Perkiraan ini berdasarkan hasil penelitian para ahli lingkungan yang menyatakan, jika hutan rawa gambut dibuka maka akan terjadi pencucian gambut dan penurunan permukaan tanah. Pada tahun pertama kehilangan lapisan gambut dapat mencapai 60 cm, kemudian setiap tahunnya 2-5 cm.

Ketinggian kawasan hutan rawa gambut Tripa diperkirakan 2 meter dari permukaan laut. Jika penurunan permukaan gambut per tahun 5 cm, maka dalam waktu 28 tahun terjadi penurunan permukaan gambut 140 cm dan ditambah 60 cm penurunan pada tahun pertama sehingga dalam waktu 29 tahun akan terjadi penurunan permukaan tanah gambut sedalam 2 meter.

Jika penghancuran Rawa Tripa tindak dicegah, maka diperkirakan pada 2025 air laut akan menenggelamkan kawasan ini.
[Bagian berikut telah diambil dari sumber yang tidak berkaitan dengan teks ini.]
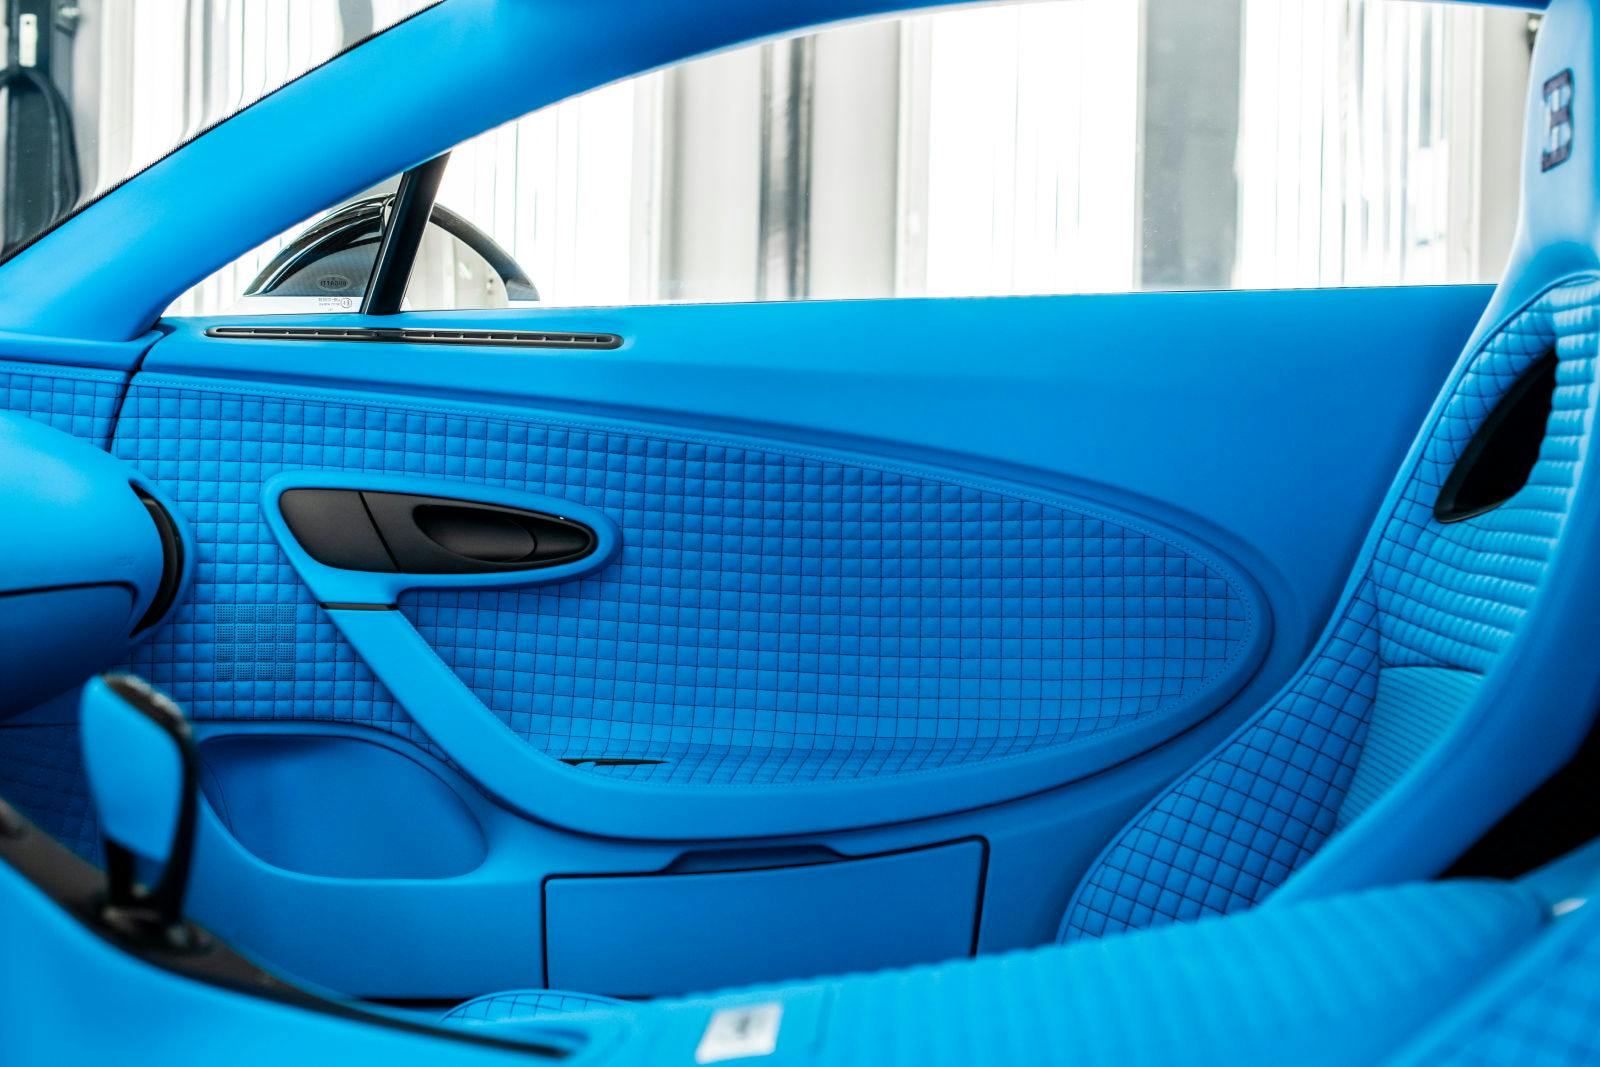 La couleur Light Blue Sport fait écho à la célèbre nuance de bleu de l’EB110.

Ancaman ini akan dipercepat oleh pemanasan global yang memicu naiknya permukaan air laut.

Jika kondisi ini terjadi maka pusat biodiversity akan punah, 38.150 hektare perkebunan kelapa sawit akan tenggelam, hilangnya 40 jenis ikan bernilai ekonomis tinggi dan Pemerintah Aceh akan kehilangan 63.228 hektare wilayah daratan.
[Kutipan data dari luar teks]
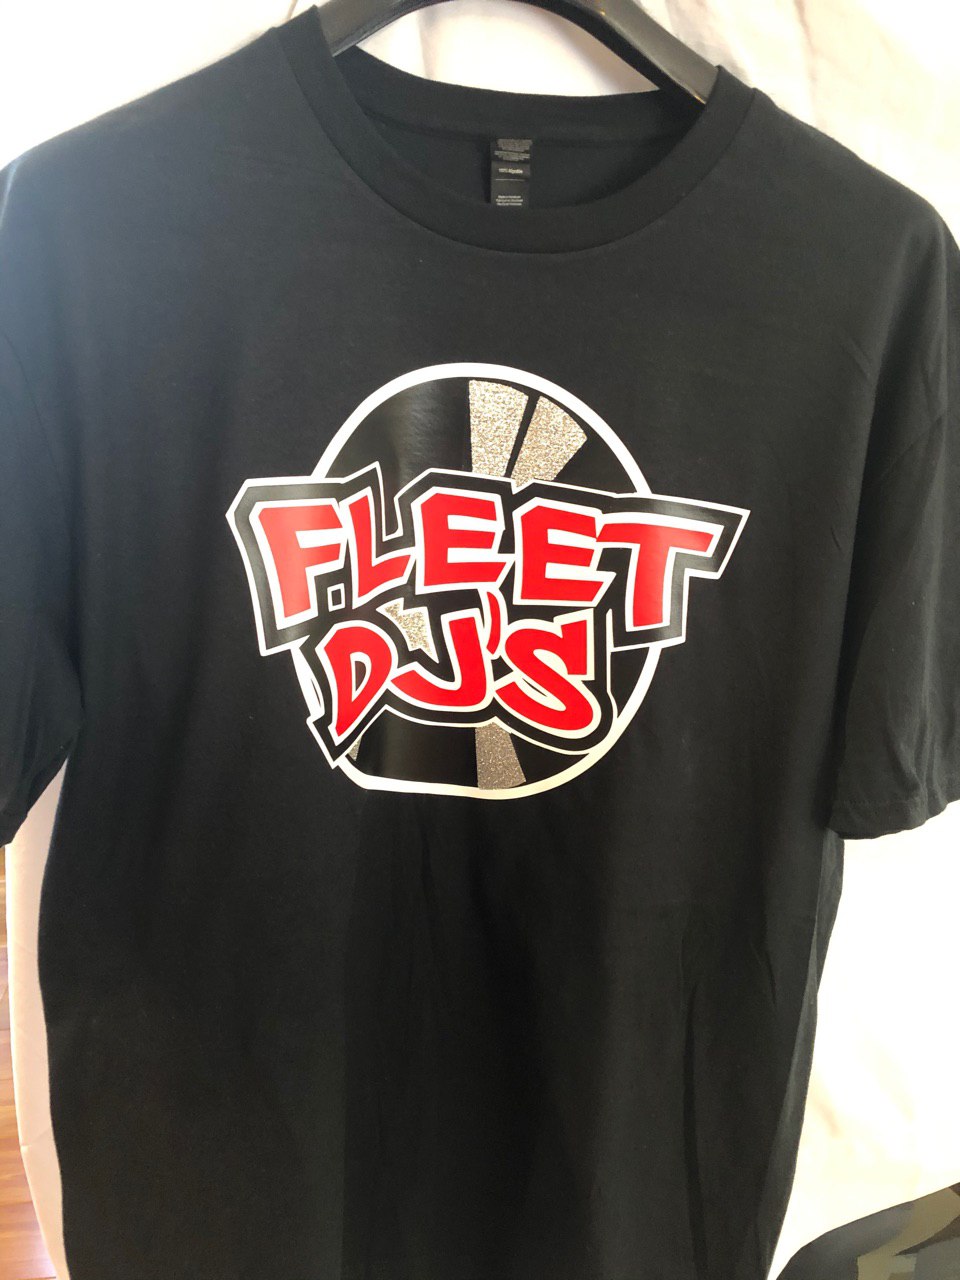 Basic Fleet Shirt – The Fleet DJ's

Selain itu pengeringan rawa gambut dan pembakaran lahan yang dilakukan perusahaan perkebunan sawit telah memicu peningkatan emisi rumah kaca akibat pelepasan karbon. Hutan rawa gambut memiliki kandungan unsur karbon yang sangat besar.

Saat ini di Pulau Sumatera hanya tersisa tiga kawasan hutan rawa gambut yakni Rawa Singkil di Aceh Singkil, Rawa Kluet di Aceh Selatan dan Rawa Tripa di Nagan Raya dan Abdya.

Namun demikian perlindungan dilakukan dengan menjadikan Rawa Singkil sebagai kawasan Suaka Margasatwa dan Rawa Kluet masuk ke dalam Taman Nasional Gunung Leuser.

Sedang Rawa Tripa masih berstatus APL sehingga membuka peluang untuk terus dikonversi. Namun demikian semua pihak diingatkan rawa gambut merupakan kawasan lindung di luar kawasan hutan yang tetap harus dipertahankan kelestariannya.

Hutan rawa gambut di NAD terkenal menjadi habitat orangutan terpadat di dunia. Saat ini pembukaan hutan Rawa Tripa telah memusnahkan 80 persen orangutan di wilayah itu [Harian Analisa/Rabu, 10 September, 2008].